[PROBLEM TO WORK ON]
Please set down, with no changes, every line of the material below from the one containing "summer classics furniture discount" through the end. Skip the pictures.

[INFORMATION SHOWN]
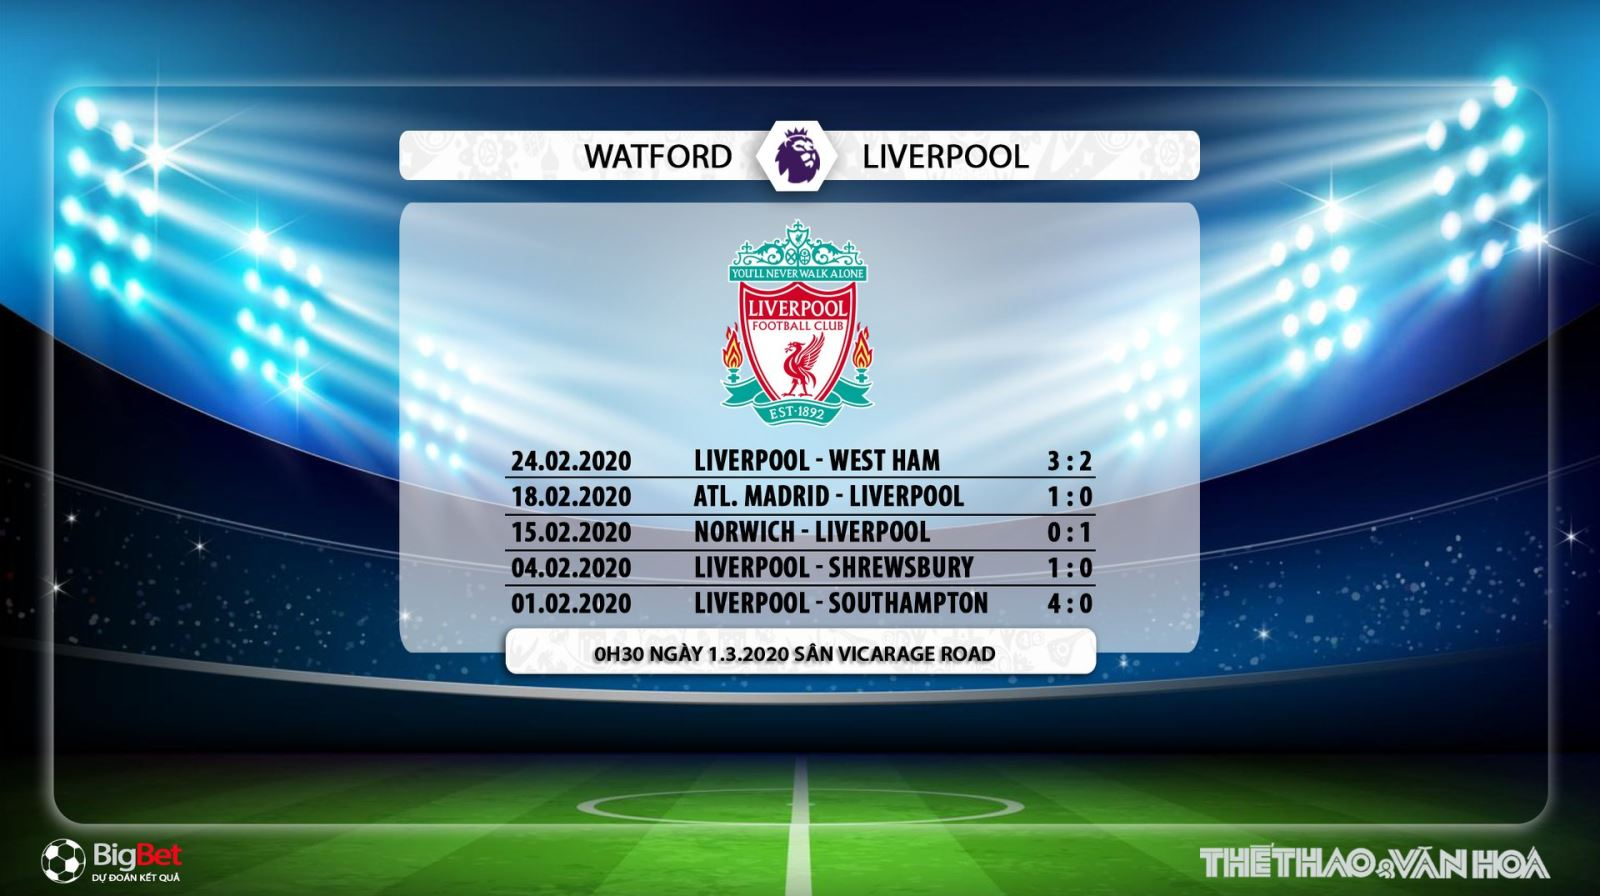 Watford vs Liverpool, Watford, Liverpool, trực tiếp Watford vs Liverpool, dự đoán Watford vs Liverpool, nhận định Watford vs Liverpool, soi kèo Watford vs Liverpool, bóng đá, K+, K+PC, lịch thi đấu
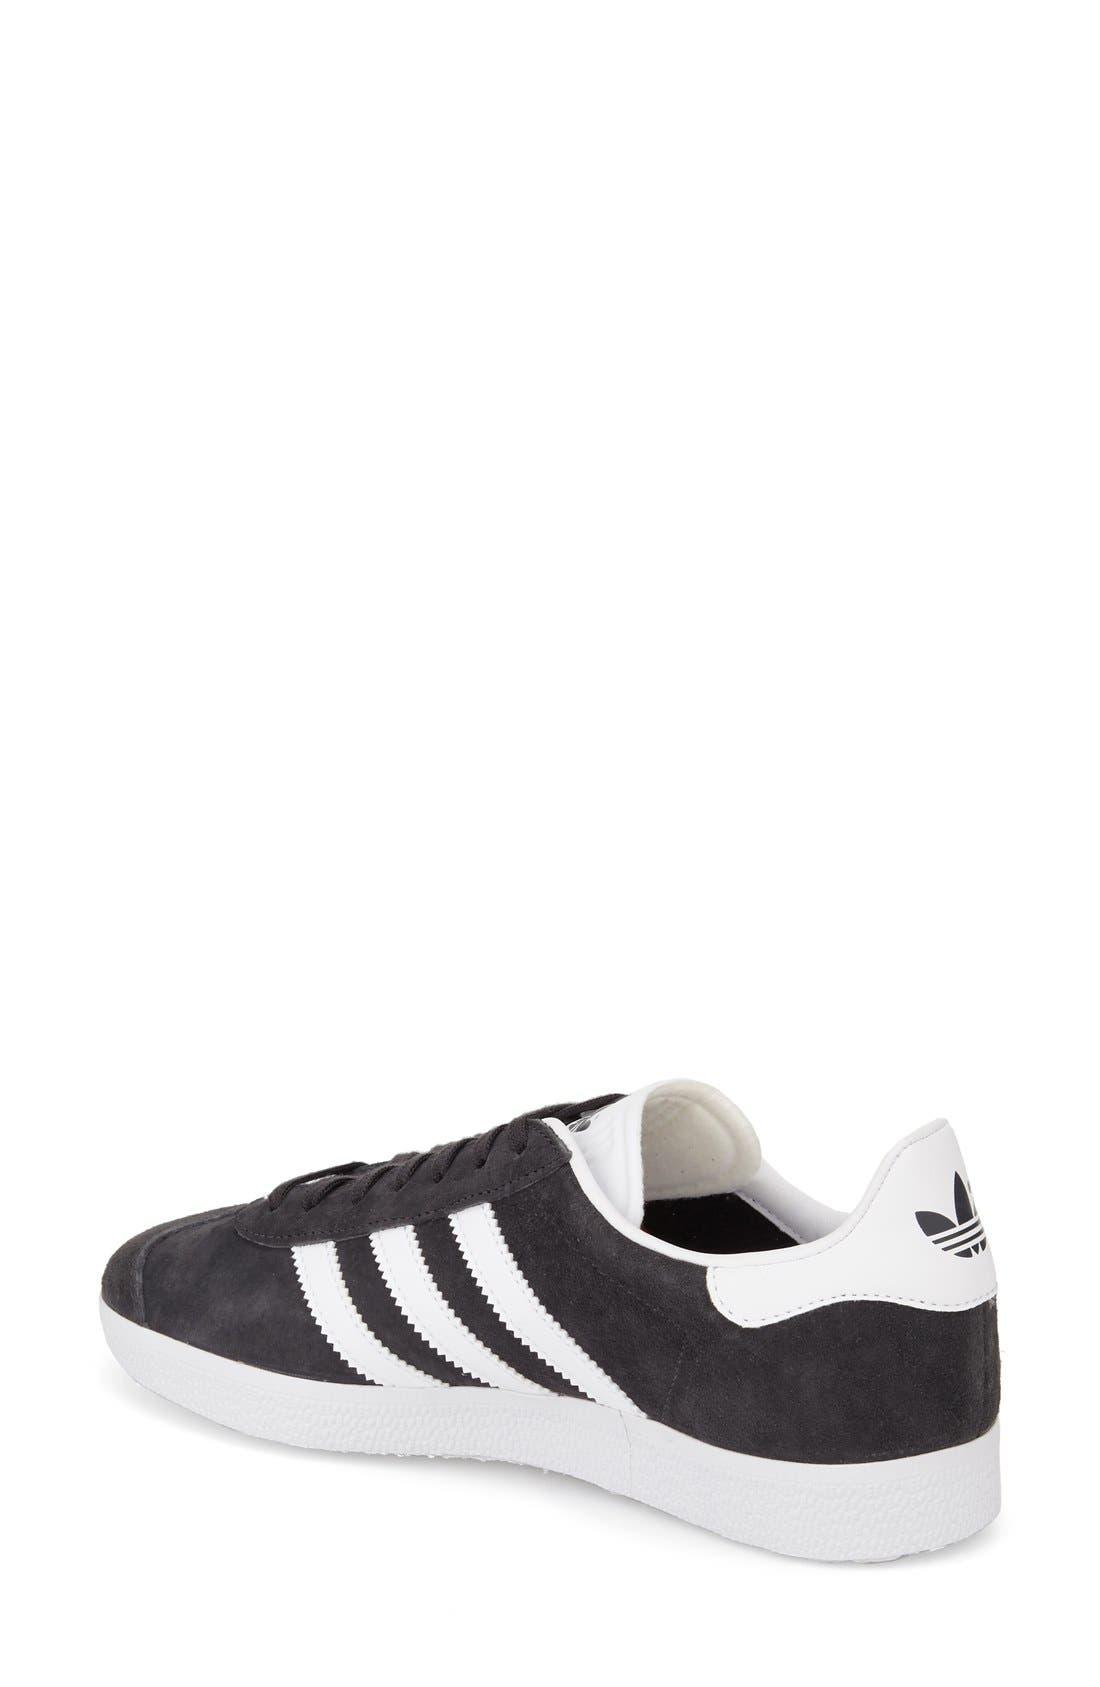 Gazelle Sneaker,                             Alternate thumbnail 2, color,                             Solid Grey
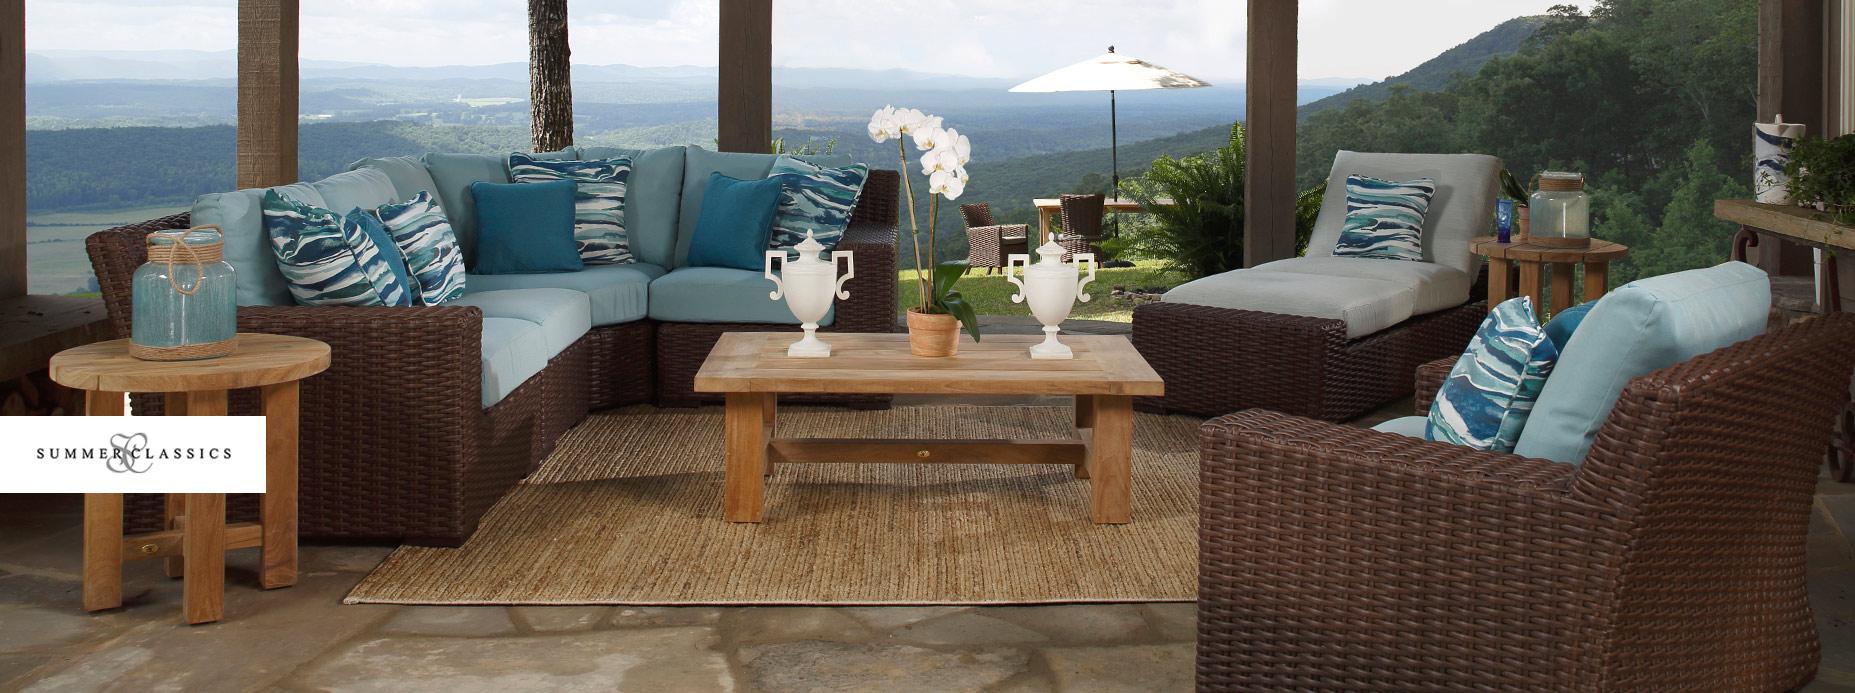 summer classics furniture discount
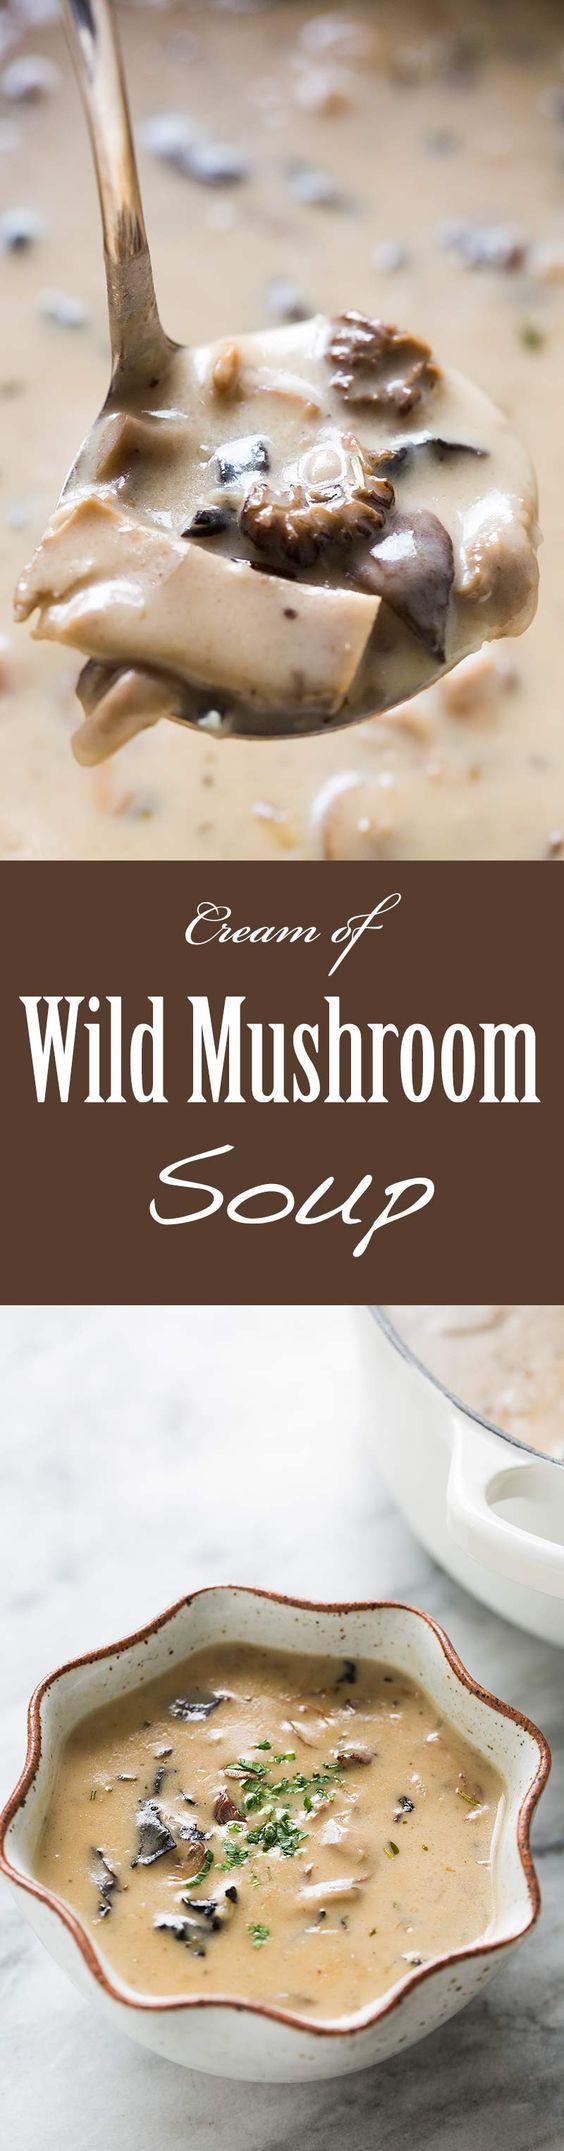 The 25 best wild mushroom soup ideas on pinterest wild mushroom bisque recipe gluten free - Wild mushrooms business ideas ...

[WRITTEN REPLY]
 summer classics furniture discount
 The 25 best wild mushroom soup ideas on pinterest wild mushroom bisque recipe gluten free - Wild mushrooms business ideas ...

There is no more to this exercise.